#moietgrand-mère7 – Quelle odeur préférez-vous sentir ?
"Quelle odeur préférez-vous sentir ? L'herbe douce que les Indiens utilisent dans leurs paniers ? Le cuir fumé ? L'odeur de la terre au printemps après la pluie ? L'odeur de la mer quand on se promène parmi les ajoncs sur un promontoire de Galice ? Ou le vent de terre quand on s'approche de Cuba dans l'obscurité : l'odeur des fleurs de cactus, du mimosa et des raisins de mer ? Ou celle du café du matin ? Ou celle d'une pomme quand on la croque ? Ou celle d'un pressoir à olives quand on fait du cidre, ou celle du pain fraîchement cuit ? Mais alors vous devez avoir faim". (Hemingway - Pour qui sonne le glas)
J'aime les odeurs de la campagne et de la ville, mais la campagne parfume et la ville aurait besoin d'un peu de campagne.
Les odeurs qui me donnent faim !
Oui. J'ai toujours faim quand je sens la menthe et le romarin, le basilic et l'origan, l'odeur des feuilles de laurier noyées dans le jus de tomate, l'odeur de la sauge au crépuscule, l'odeur du persil qui saute comme un déloyal d'une assiette à l'autre, la ciboulette filiforme et timide quand elle exhibe ses fleurs roses en pompons.
Oui. Les odeurs me donnent toujours faim.
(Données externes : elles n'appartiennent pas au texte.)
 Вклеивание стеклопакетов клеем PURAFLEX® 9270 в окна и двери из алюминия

Je caresse les arômes de ma terrasse et me perds dans le nuage de senteurs qu'ils m'offrent. Ils sentent Nonna. Ils me rappellent Nonna et un joyeux petit plant de basilic sur le rebord de la fenêtre.
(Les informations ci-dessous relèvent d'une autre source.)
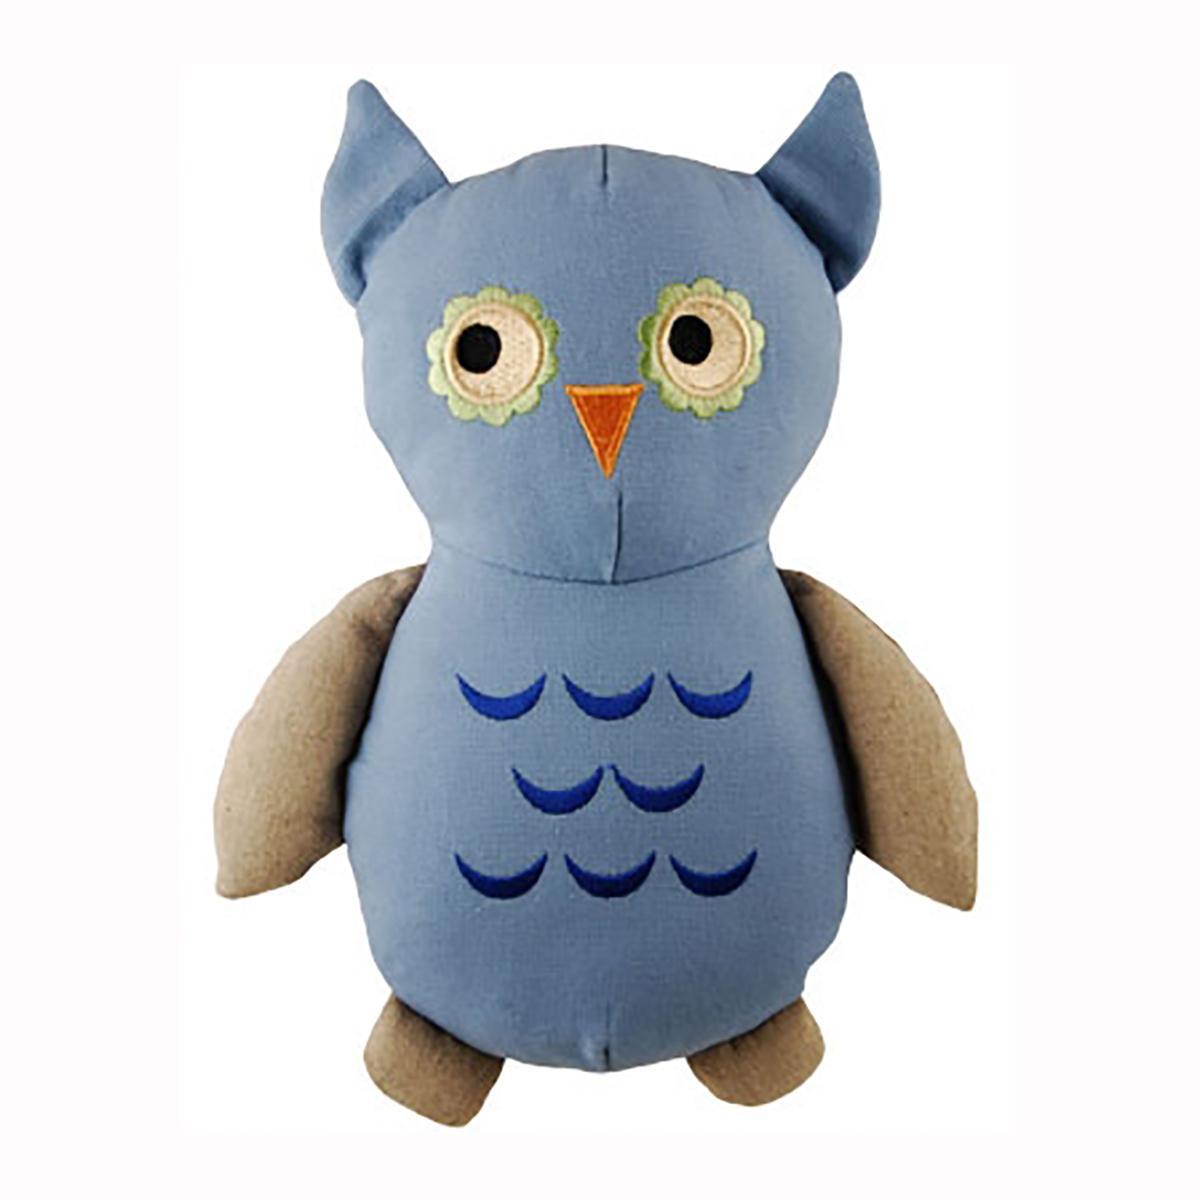 Simply Fido Owl Dog Toy - Basic Big Joe Owl

Grand-mère disait que le basilic est aussi susceptible qu'un roi, qu'il faut anticiper ses exigences royales, qu'il suffit de peu pour qu'il s'agite et laisse tomber ses feuilles. Un peu de soleil, un peu d'ombre, c'est Lui qui décide.
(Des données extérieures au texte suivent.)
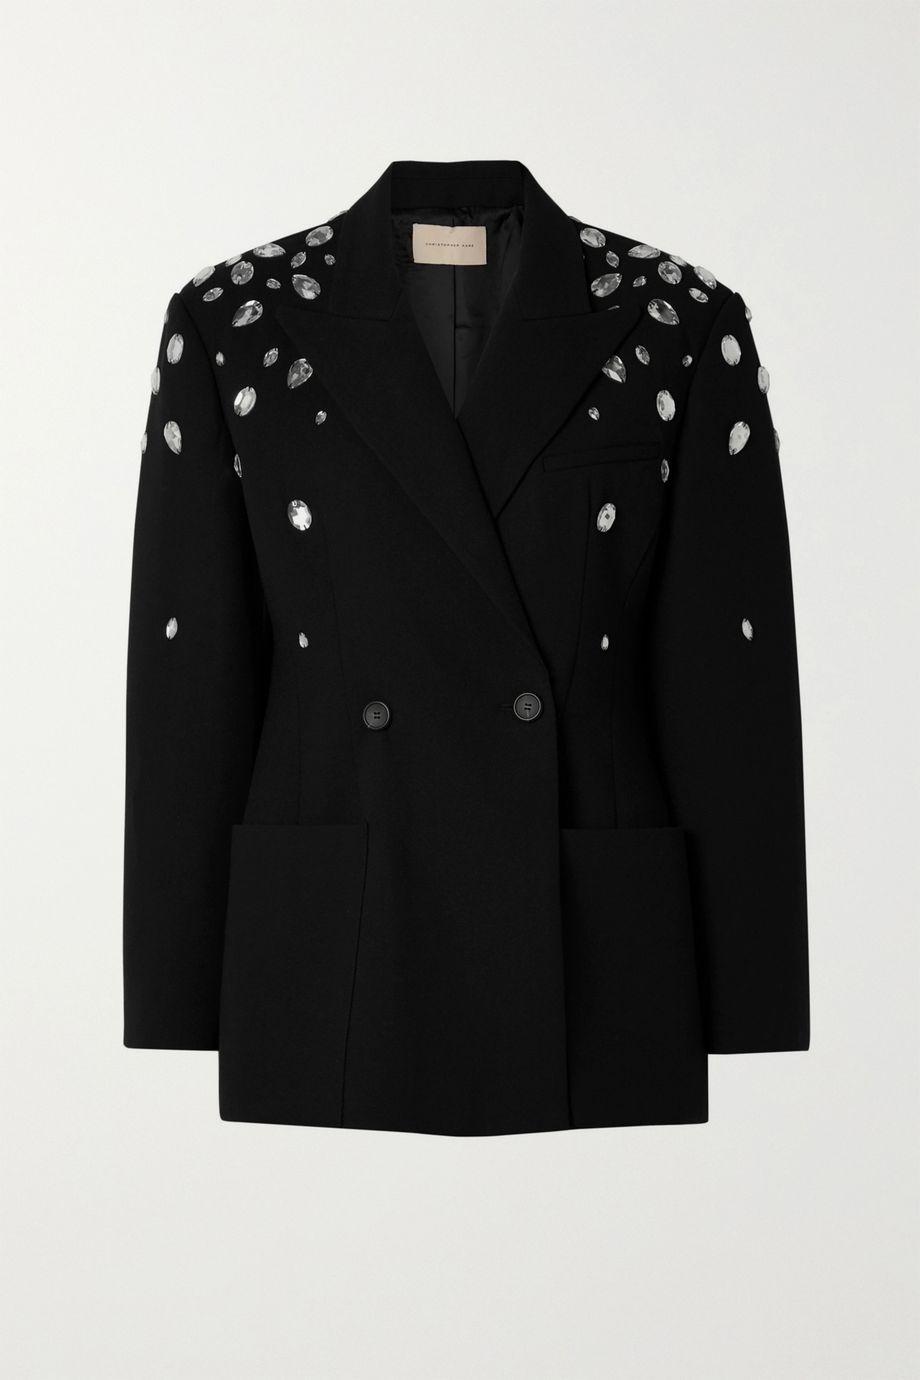 Christopher Kane Double-breasted crystal-embellished crepe blazer

Grand-mère disait qu'il fallait cueillir la sauge quand le soleil est haut et brûlant, quand il concentre son jus huileux, sa sève sur les feuilles. Qu'il faut la cueillir par les racines car elle aime être entière.
Grand-mère disait que l'origan fleurit en mai. En mai, il vous donne tout. En mai, il faut aller à sa rencontre.
Quand je caresse les plantes sur la terrasse, grand-mère me caresse. Je suis une citadine et la cueillette des herbes dans les montagnes, au bord des rivières, au pied des collines, à l'aube ou au crépuscule, n'est plus pour moi qu'un heureux souvenir d'enfance. Mais je ne renonce pas à la caresse de ma grand-mère.
Ainsi, armé de pots et de bocaux, je construis mon paradis aromatique urbain : romarin et thym, origan et basilic, sauge et menthe, persil et ciboulette.
La main verte? Plutôt une psychologue
Je ne suis pas une jardinière. J'essaie de penser comme une plante. De l'écouter. Et si vous y prêtez un peu attention, elles peuvent tout vous dire.
Elles vous disent quand elles ont besoin d'eau.
Elles vous font savoir si le soleil est trop fort, si l'ombre est mauvaise.
Ils vous indiquent quand vous devez changer la terre parce qu'ils l'ont entièrement rongée.
Elles vous disent quand il est temps de les tailler et elles bougent quand elles entendent de la musique. Les plantes peuvent parler.
Il faut apprendre à les écouter.
C'est tout.
Plantez une plante !
Si tu ne sais vraiment pas quoi faire, fais pousser une plante, disait grand-mère en me mettant une graine dans la main, lorsque, enfant, je me plaignais de l'ennui pendant les longues après-midi d'été.
C'était un refrain.
À chaque plainte, Grand-mère répondait ponctuellement en faisant tomber une graine de ses mains. Mes poches étaient pleines de graines.
Si vous ne savez vraiment pas quoi faire...
À en juger par ma petite terrasse et le potager sur mon balcon, il est clair que je ne sais tout simplement pas quoi faire.
Je termine par une citation :
"Vous avez trop de soleil, pas assez de soleil, qu'est-ce que vous voulez... plus d'eau ? Moins d'eau? Pourquoi ne parlez-vous pas? Réponds !
(Nanni Moretti - Bianca 1984 - s'adressant à une de ses plantes qui se dessèche).